Ofereço-lhe a escolta, há os perigos da hora
E, no lombo de minha égua, chegarás sem demora.
– Por que me escoltarias? Sou simples camponesa!
Já tu és jovem nobre, parte da realeza.
– O título não muito me importa
Quando já conquistastes minha afeição
Segura deves chegar, não morta
Proteger-te faz-se minha missão.
A camponesa não protestou. O jovem também já havia conquistado sua afeição, inexplicavelmente.
Na vila, todos impressionaram-se com a gentileza do jovem, o príncipe, para com ela. Ele a levara até sua choupana e beijara-lhe a mão, como se fosse ela própria uma nobre.
Ela pegava-se pensando nele. Durante todas as horas do dia e da noite, de todos os dias e todas as noites. Dizia a si mesma que deixasse de ser tola: ele havia sido gentil e só. Ela tornara às portas do bosque algumas vezes, mas em nenhuma delas tivera qualquer sinal do jovem príncipe.
Dias depois, o pai tivera de ir aos arredores do castelo, e a camponesa o acompanhara. Deus ouvira suas preces: estavam na rua principal do vilarejo quando a comitiva real passou. O príncipe a vira e acenara, mas não pudera parar.
De volta à vila, ela logo partiu para os arredores do bosque. Não demorou muito para que o trote da égua se fizesse ouvir. Ele desmontou rapidamente e tomou-a nos braços, com ternura.
– Jovem donzela, quantas saudades senti!
Passei todos esses dias com o pensamento em ti!
– Por que demoraste tanto a retornar?
Esperei por ti, príncipe, o procurei sem cessar!
Toda essa saudade já me tomava o ar!
O olhar do príncipe indicava a tristeza que sentia.
– O que sinto, donzela, me impressiona
Não pensei que encontraria o amor assim, tão cedo.

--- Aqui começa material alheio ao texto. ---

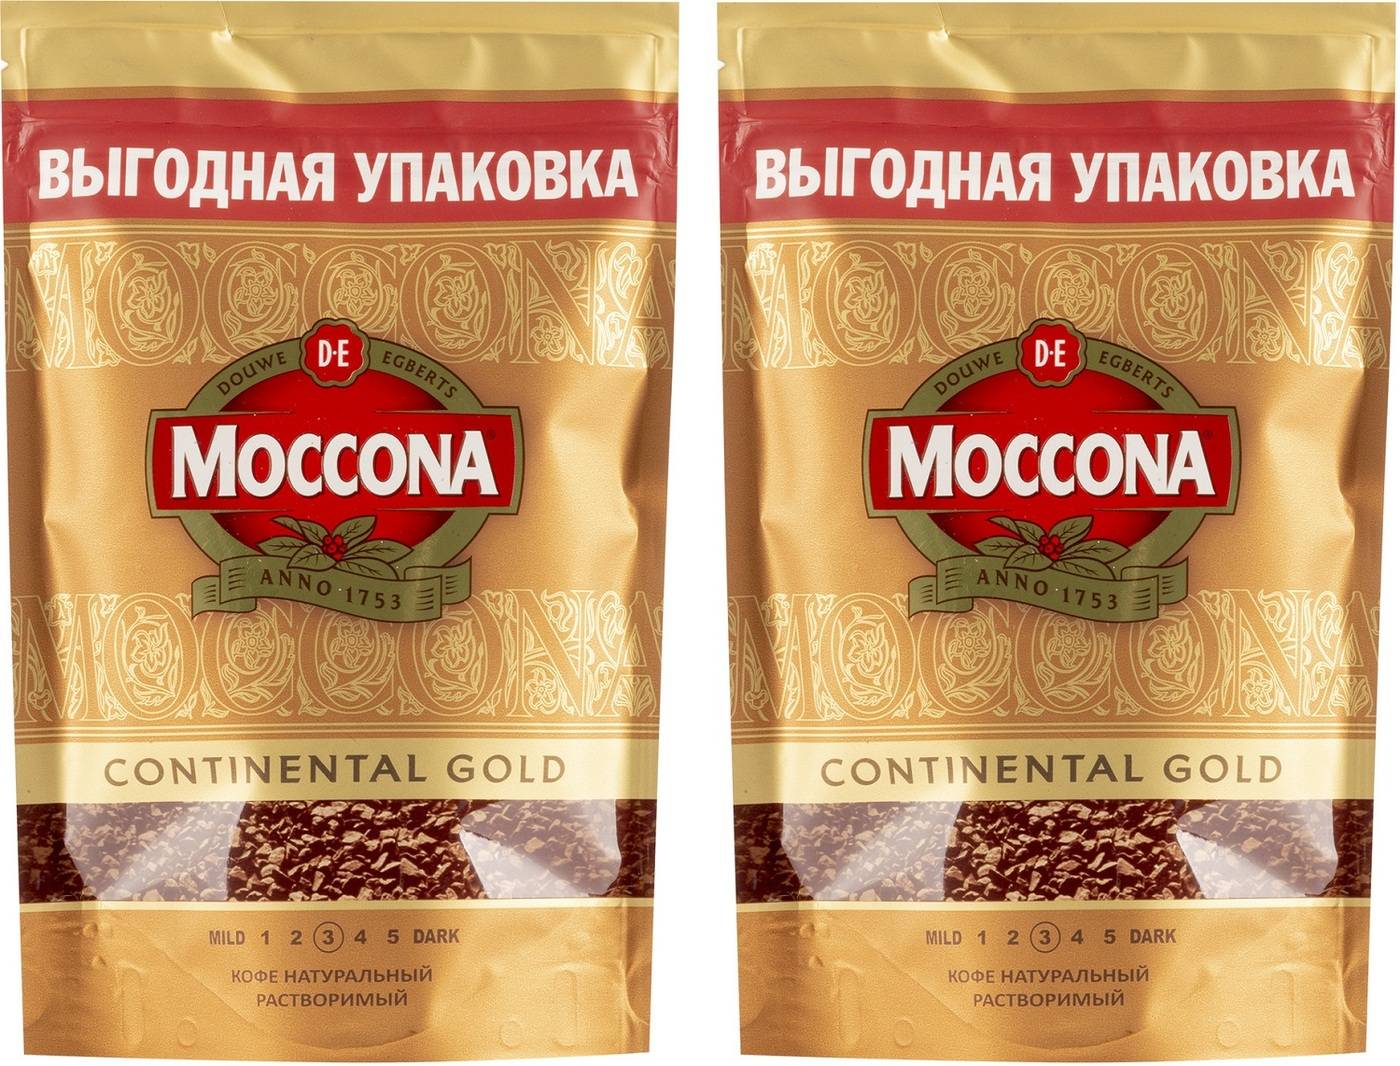 Кофе моккона (moccona): описание, история и виды марки

Juro que não quero magoá-la, mas tenho medo
pois não posso desposá-la, fazer de ti minha dona.
– Compreendo, meu príncipe, a razão de estares angustiado
Teu título, tua nobreza, não permitem que sejas meu
Pediria que lutasses, lutasses para ficar a meu lado
Mas tua luta não mereço, plebeia que sou eu.
Ele tocou-lhe o rosto, erguendo o olhar baixo dela em direção ao dele.
– Donzela, és mais digna que qualquer princesa.
Em tua pessoa, nada se vê de tua pobreza.
És digna, conquistaste meu amor com tua beleza.
Minha rainha tu é que deverias ser, camponesa.
Seus lábios tocaram-se.
– Meu amado príncipe, lutarieis tu por mim?
É meu desejo ser tua, de agora até o fim.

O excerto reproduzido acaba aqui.